Exercise description - Starting at the line containing "Oficinas en el" and ending at the line containing "Dr. H.L. Barner Website", transcribe the listing below exactly. Keep both end lines, skip the pictures, and copy nothing else.

Data to examine -
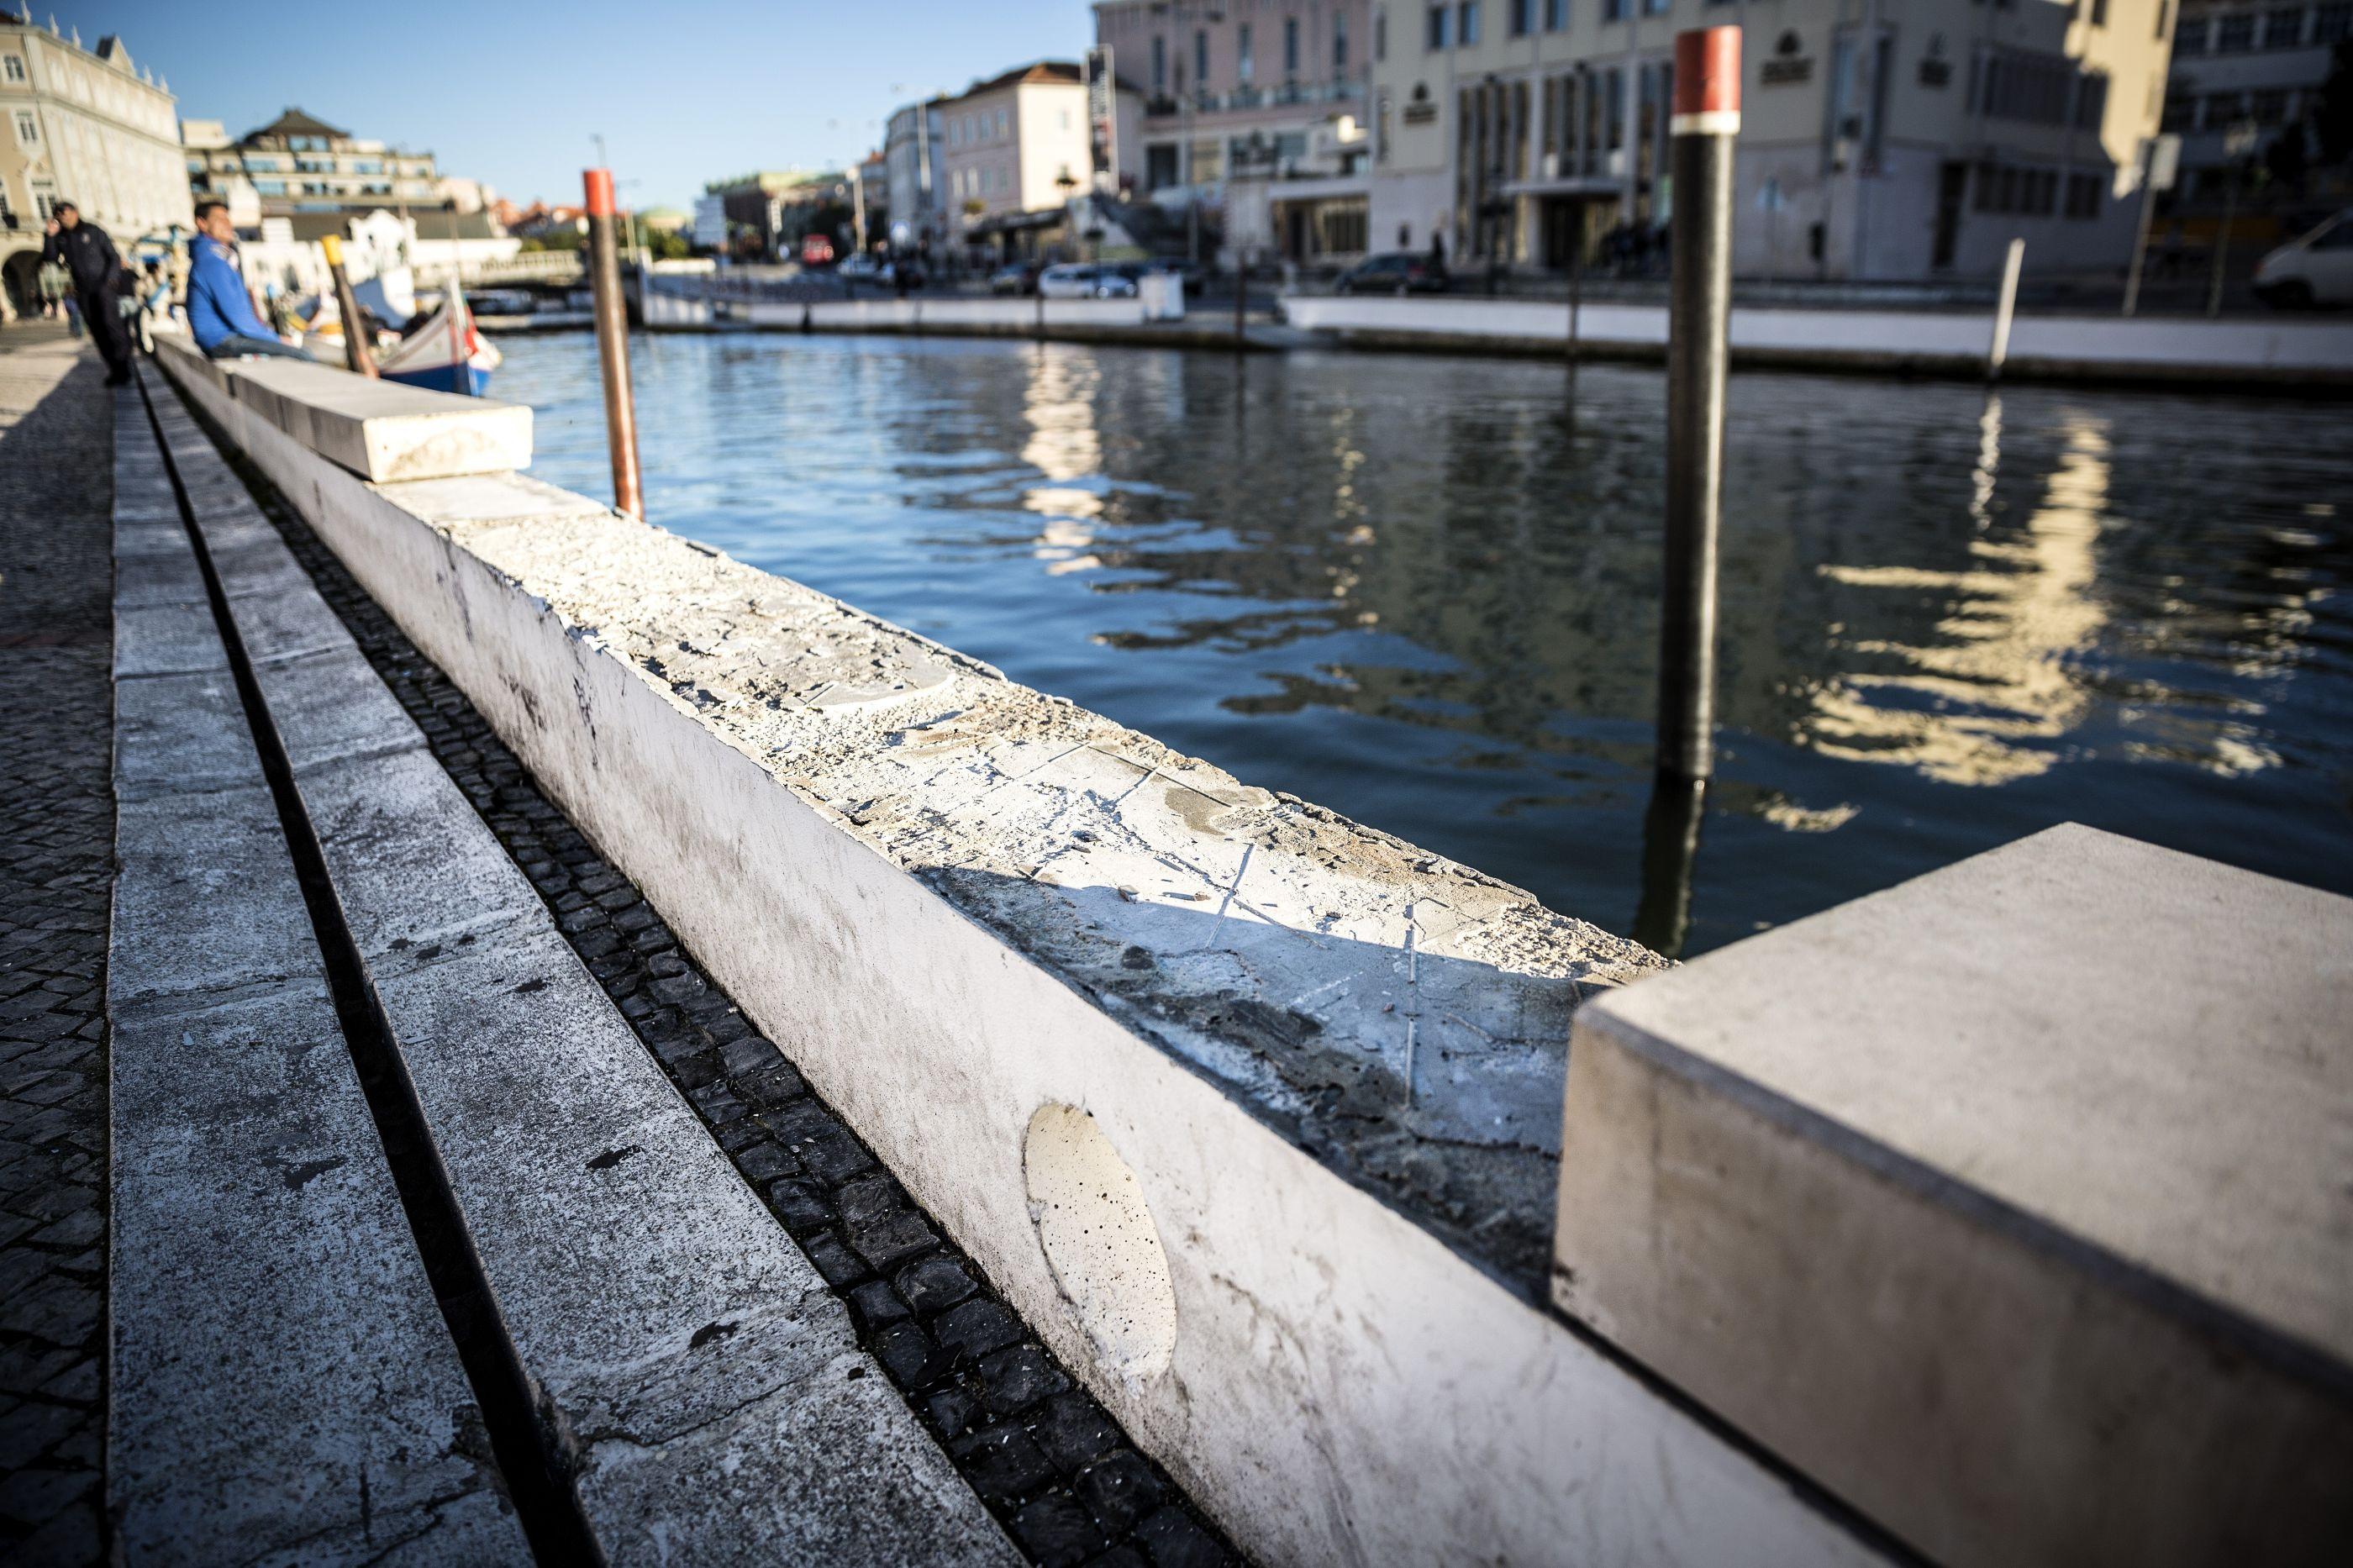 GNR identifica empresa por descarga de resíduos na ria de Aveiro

---

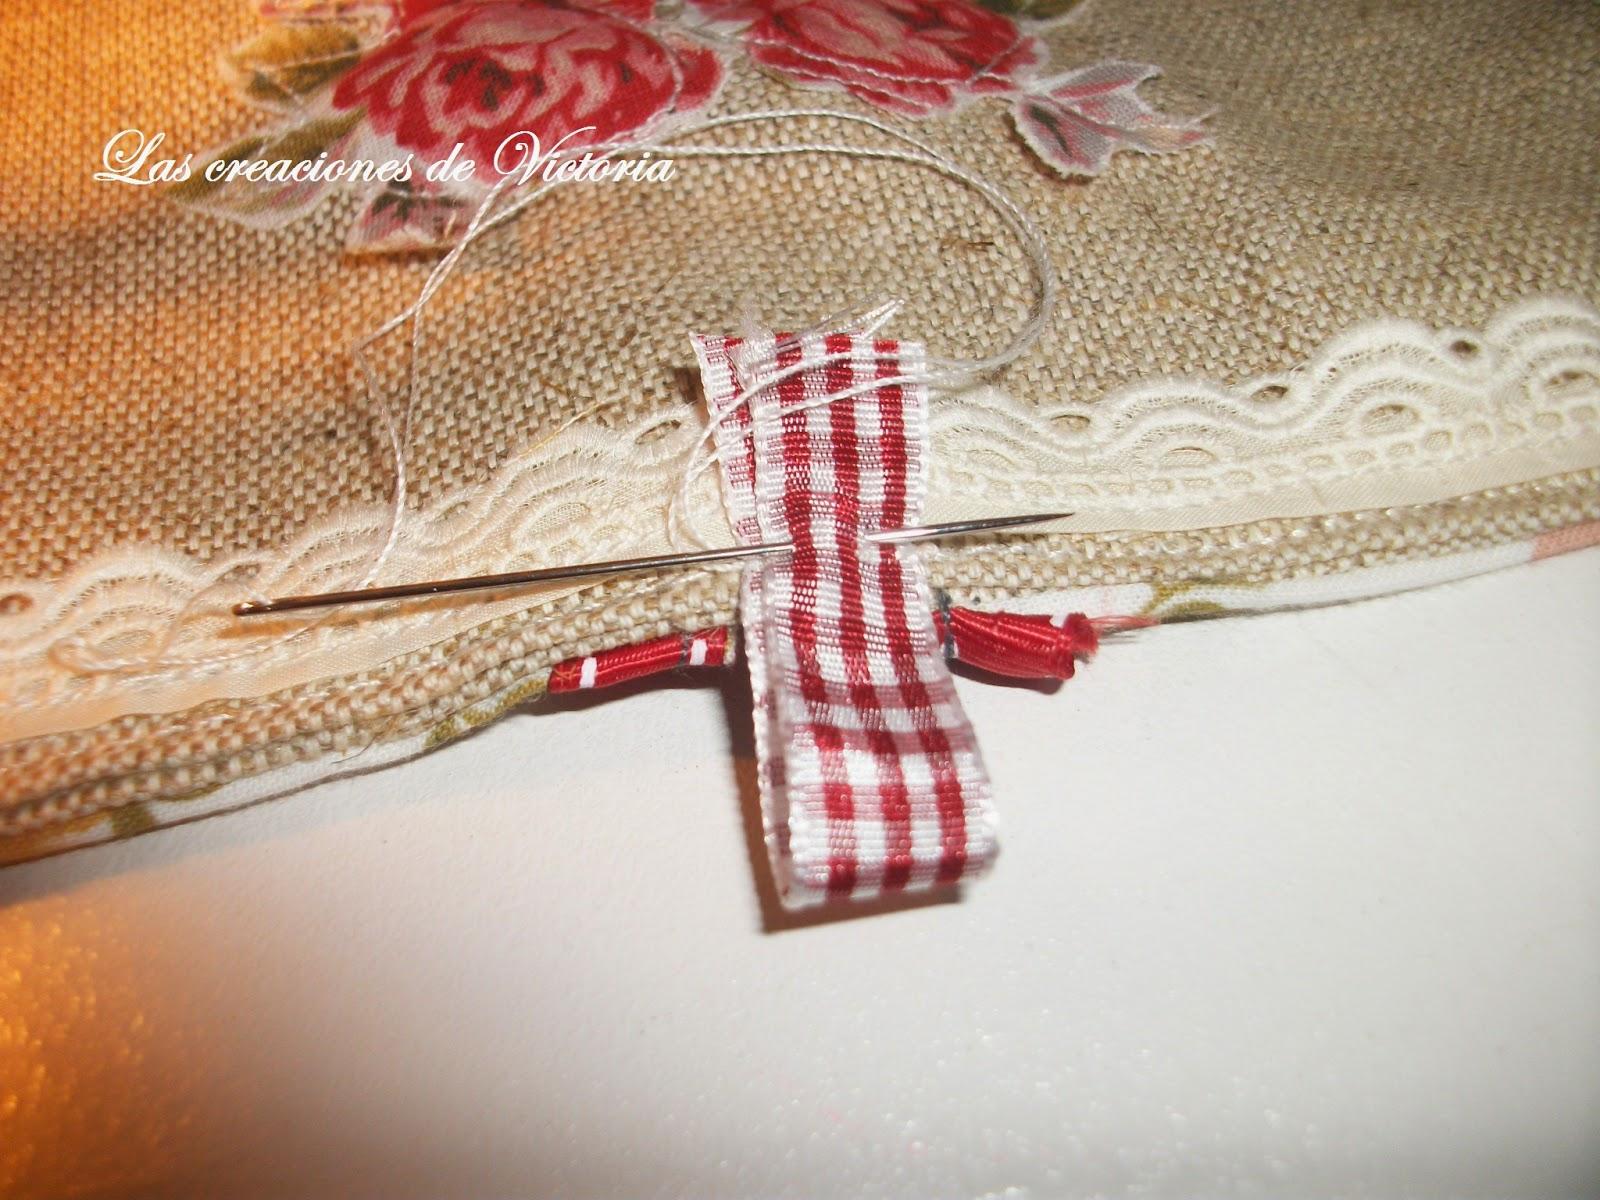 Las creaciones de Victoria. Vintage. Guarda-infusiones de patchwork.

--

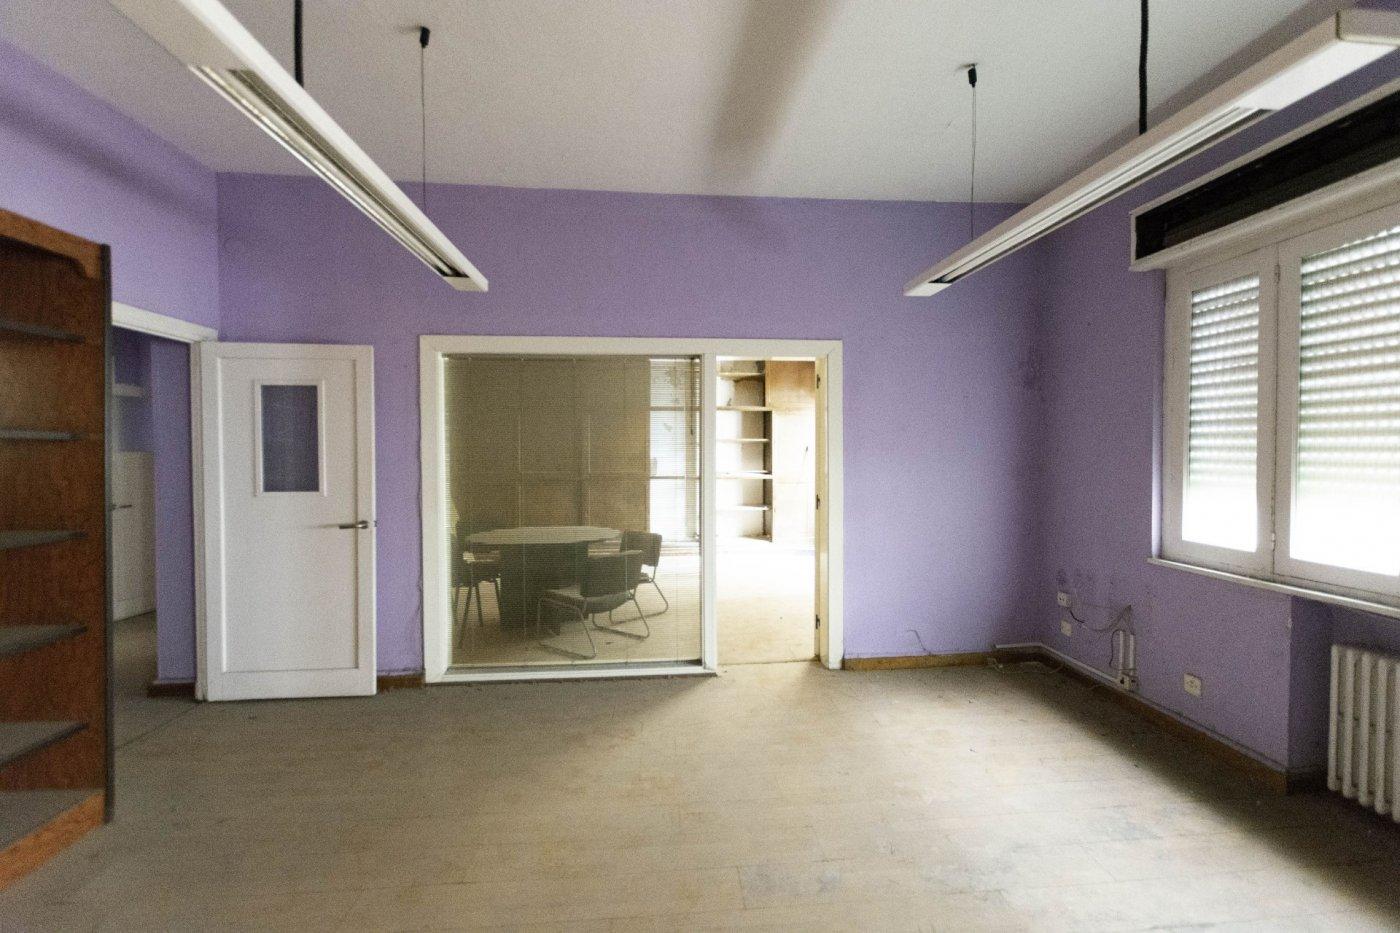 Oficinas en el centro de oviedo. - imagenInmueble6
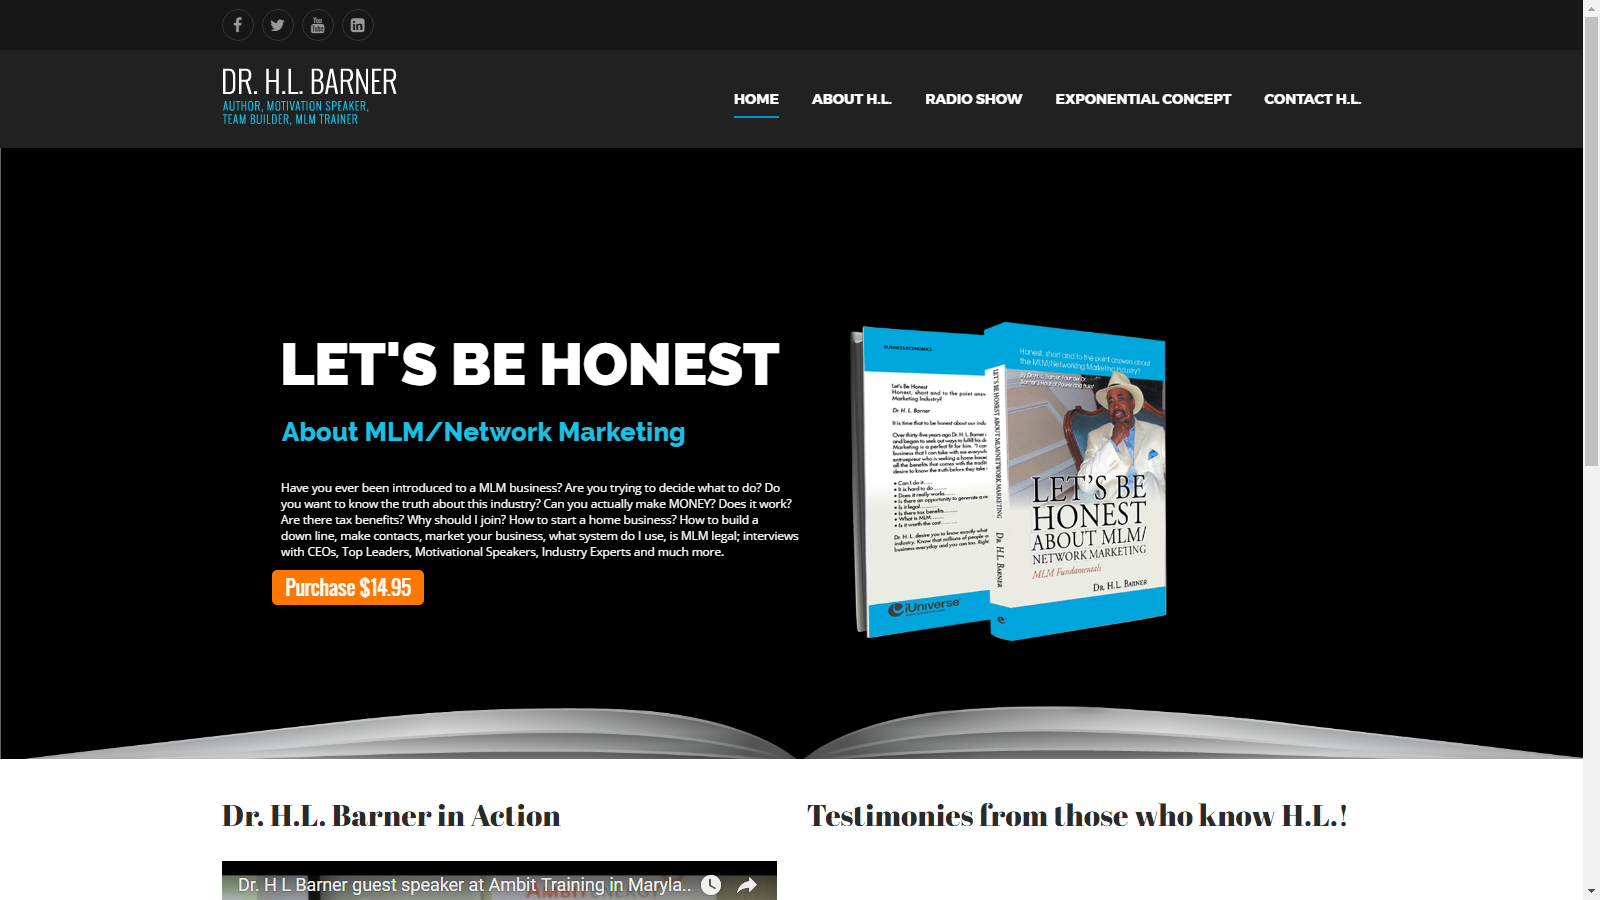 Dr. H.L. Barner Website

Output of the task -
 Oficinas en el centro de oviedo. - imagenInmueble6
 Dr. H.L. Barner Website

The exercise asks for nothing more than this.